All of the and there is a range of mid-range ethnic dolls which fall somewhere between
white and black. For example a white doll might have very kinky hair. However, as with
the Gap and American Girl lay outs, while whiteness remains, and the ethnic ambiguity,
retaining identifiable components of Latinidad such as hoop earring and the like, occupy the middle ground, blackness recedes to the left of the page/screen and it becomes
The result here is two-fold. Latina actresses can play a broad range of characters,
including black, white, and everything in between, thus providing casting directors with
an easy way to foreground the few famous Latinas out there who by virtue of ambiguity
can slip into these roles. This presents both an employment opportunity as well as the
possibility of seeing more people of color on the screen and in print. However the second
effect is that hybrid Latinas and ethnic ambiguity also provide mainstream culture with a
chance to displace and replace blackness. Blackness once more gets pushed to the [left]
Whereas the dominant tendency continues to be to talk about and represent
people, culture, and populations as stemming from discrete ethno-racial categories, the
“Latin exp losion” which is anchored within contemporary Latinidad renders these efforts
at best problematic and at worst untenable. Through an exploration of representations of
Latinas in mainstream U.S. media we can see that Latinas can be any ethnicity or race
they are needed or want to be. Moreover the women who represent Latinidad are not
necessarily Latinas. The ambiguity lies both in the category and in the representation.

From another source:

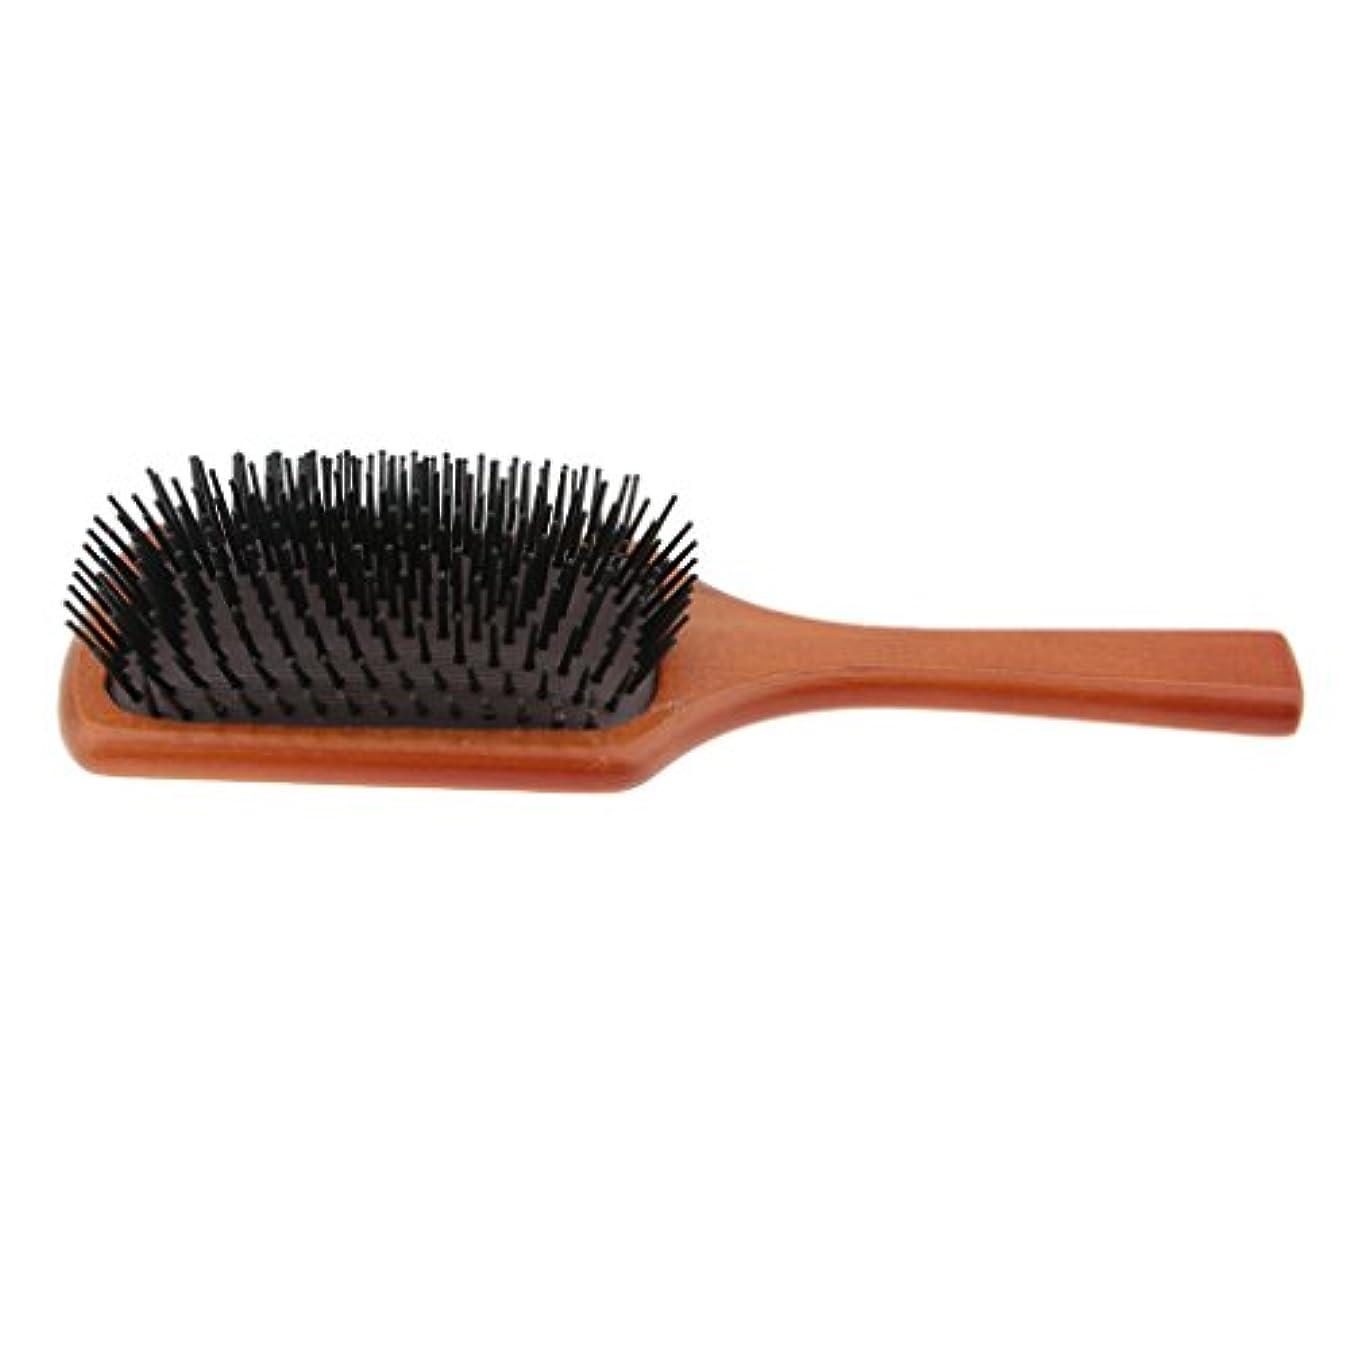 つぶやき固執有用CUTICATE 木製ヘアブラシ ヘアダイコーム 木製コーム ヘアコーム 櫛 理髪店 アクセサリー

They can be marshaled or marshal themselves to represent, and of course appeal or sell
to, whiteness, but they can also represent generalized otherness as well as more specific
stereotypical Latinidad and a range of other ethnicities. The rise of the ambiguously
ethnic image also demands a lightening of the dark subject. While Blackness is still part
of the racial spectrum, the introduction of Latinidad as an in-between location plays into the continuing tendency to under represent or altogether ignore its presence within U.S.
culture. Furthermore the rise of the ambiguous Latina simultaneously plays into the
marketing needs of a complex heterogeneous society and underscores the fact that there
is no purity within any given ethno-racial category or within the U.S. body politic.
Finally once more the female body becomes the terrain over which issues of the national
imaginary are struggled, or as Beltrán (2002: 71) notes “a site of social struggle.” The
Latina body as a floating signifier represents the identity crisis of nation forced to
acknowledge its heterogeneity, hybridity, and continued racism.